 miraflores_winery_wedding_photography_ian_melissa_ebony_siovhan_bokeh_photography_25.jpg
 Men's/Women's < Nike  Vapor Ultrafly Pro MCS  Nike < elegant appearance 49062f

===

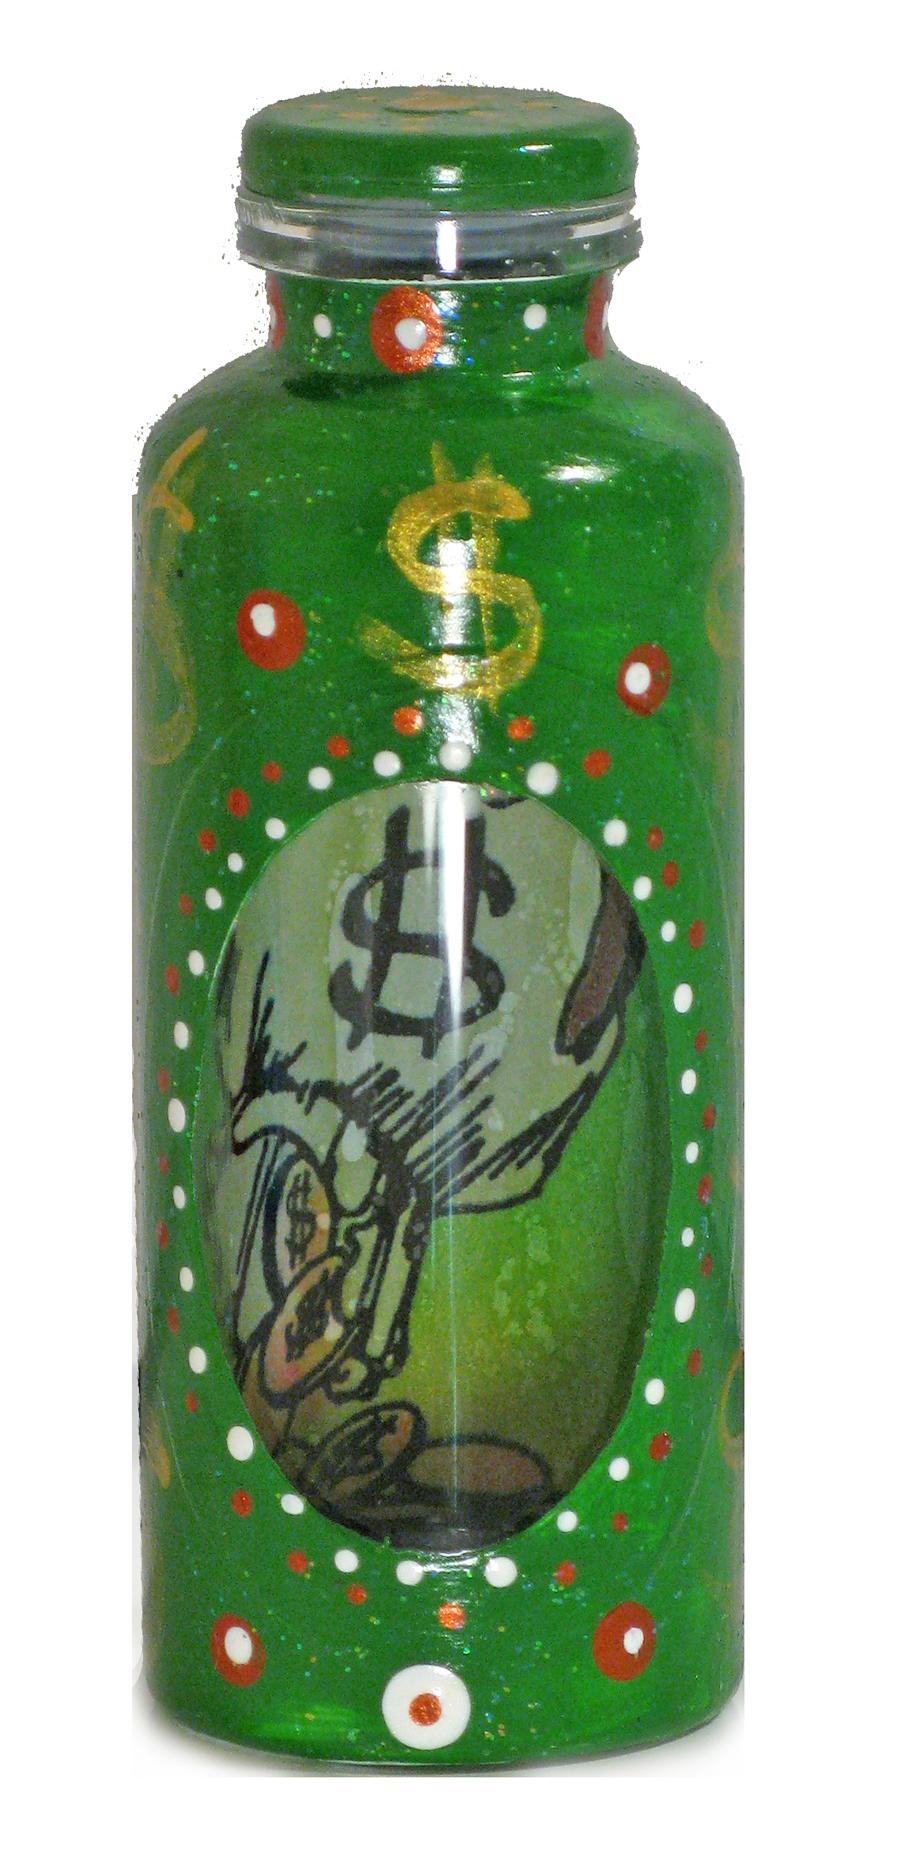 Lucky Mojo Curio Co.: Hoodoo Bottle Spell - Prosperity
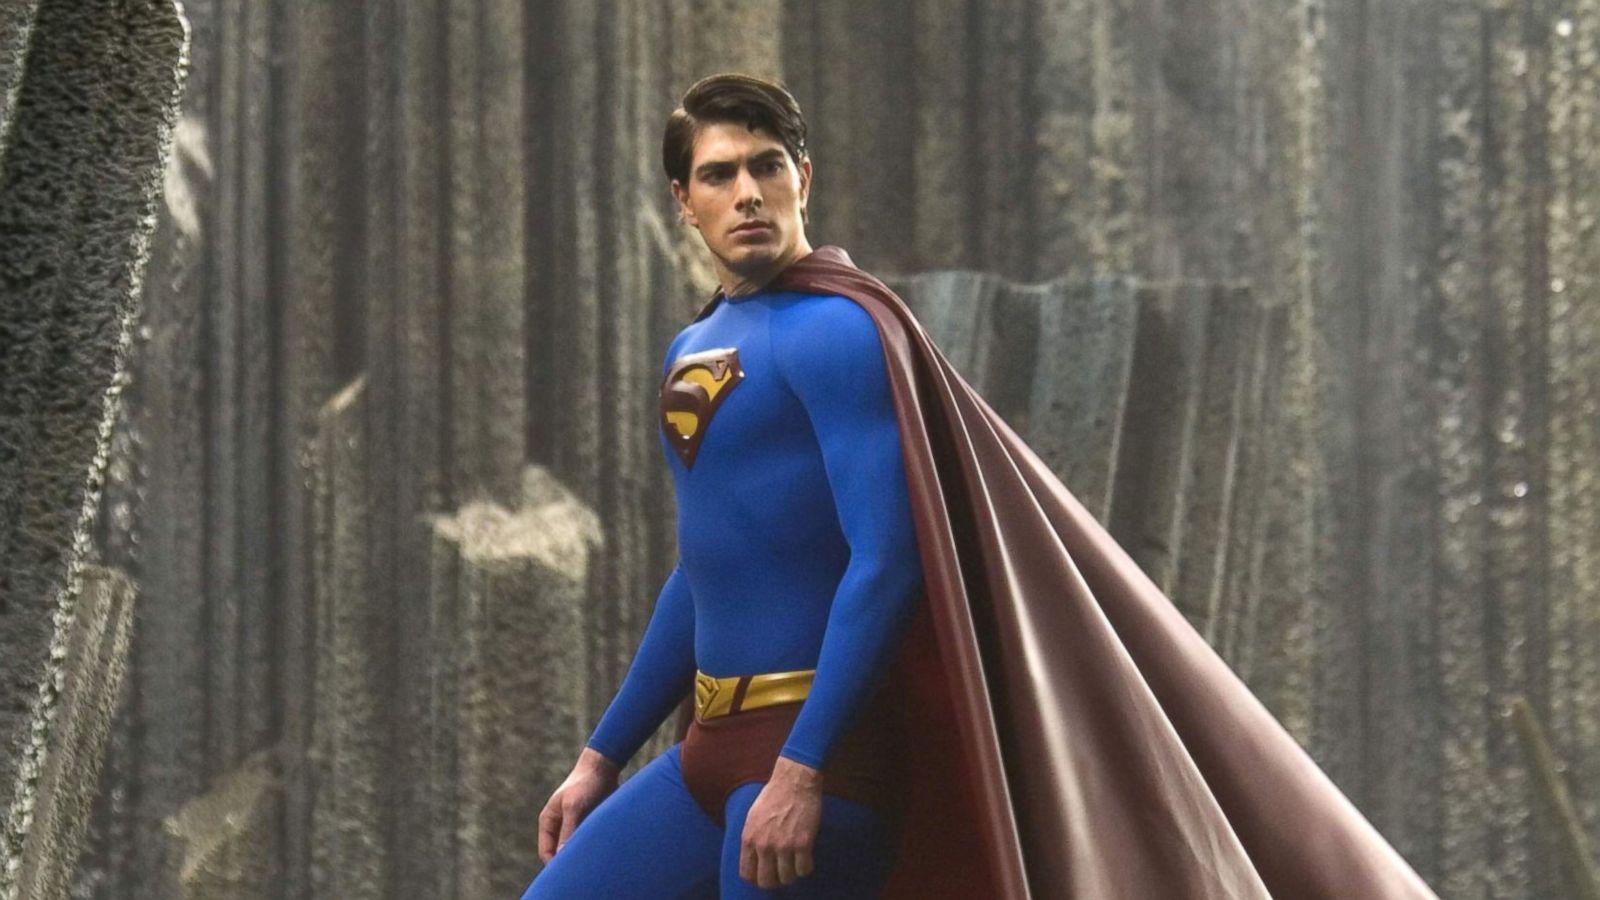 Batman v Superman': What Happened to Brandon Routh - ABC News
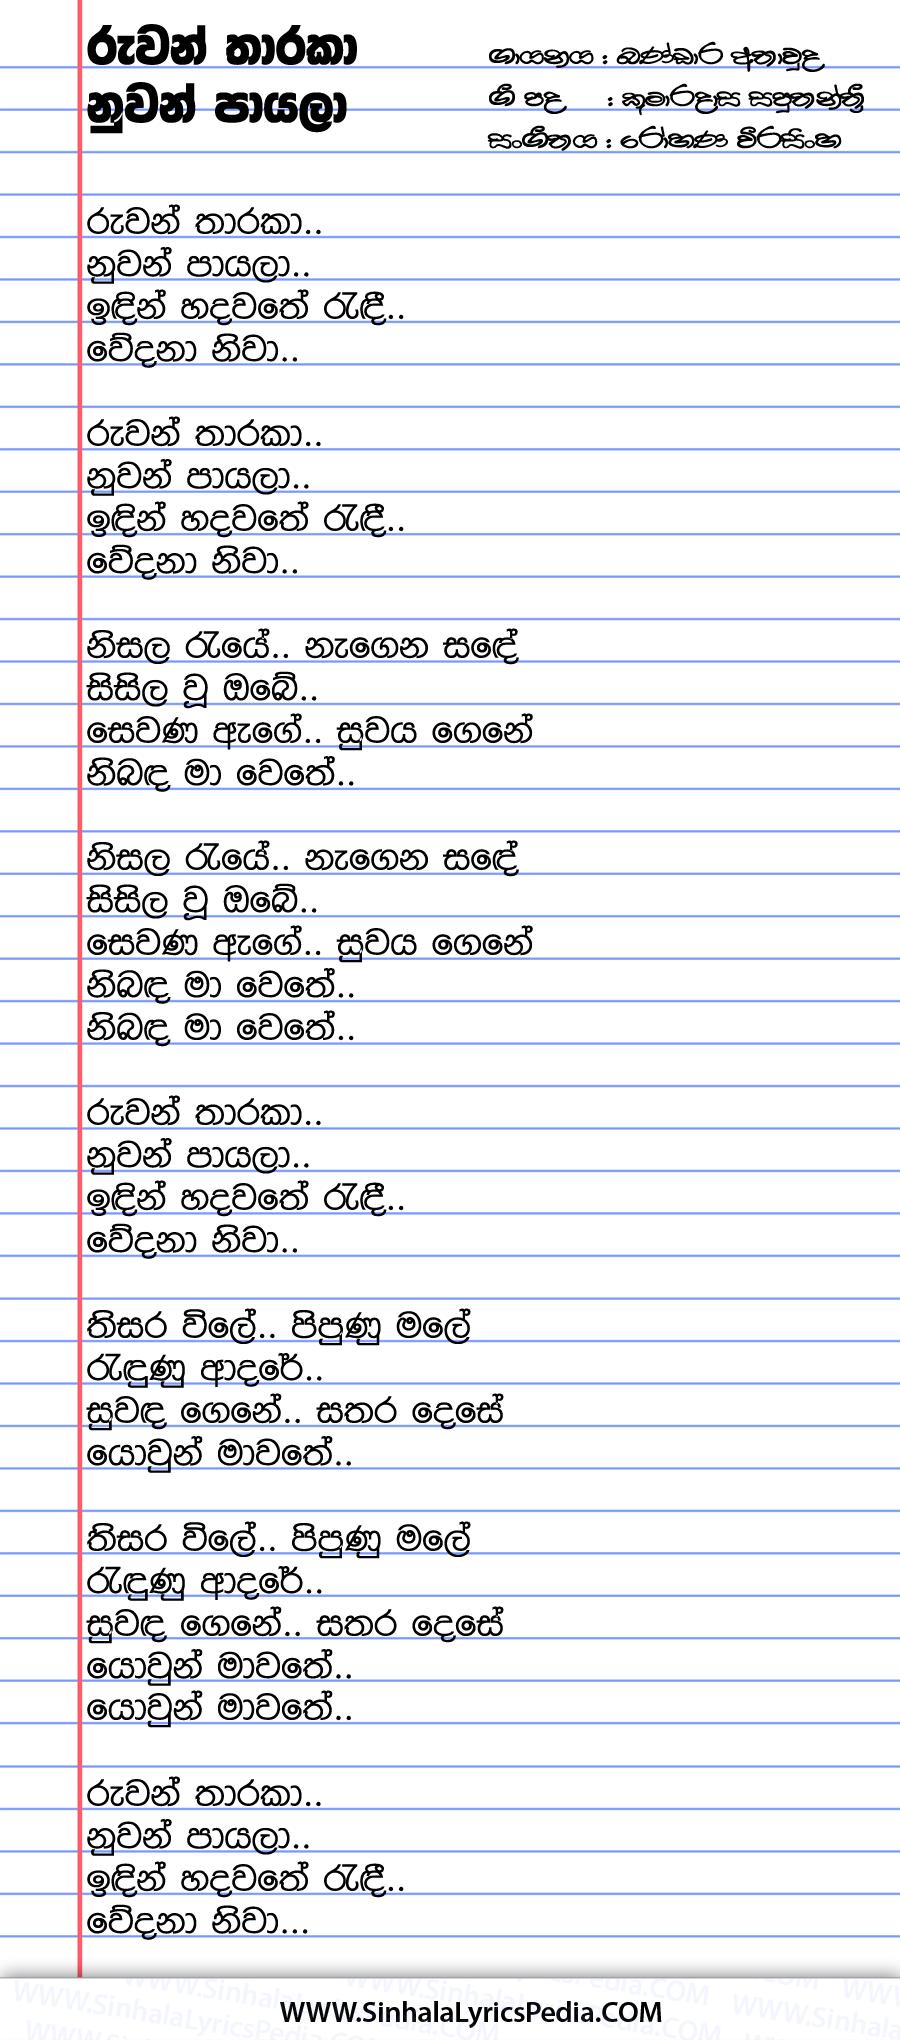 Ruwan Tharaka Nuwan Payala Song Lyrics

===

Would you copy out, exactly and with no pictures, only the lines above from the one that contains "Batman v Superman': What" through the one that contains "Ruwan Tharaka Nuwan Payala Song Lyrics"?

EXERCISE ANSWER:
 Batman v Superman': What Happened to Brandon Routh - ABC News
 Ruwan Tharaka Nuwan Payala Song Lyrics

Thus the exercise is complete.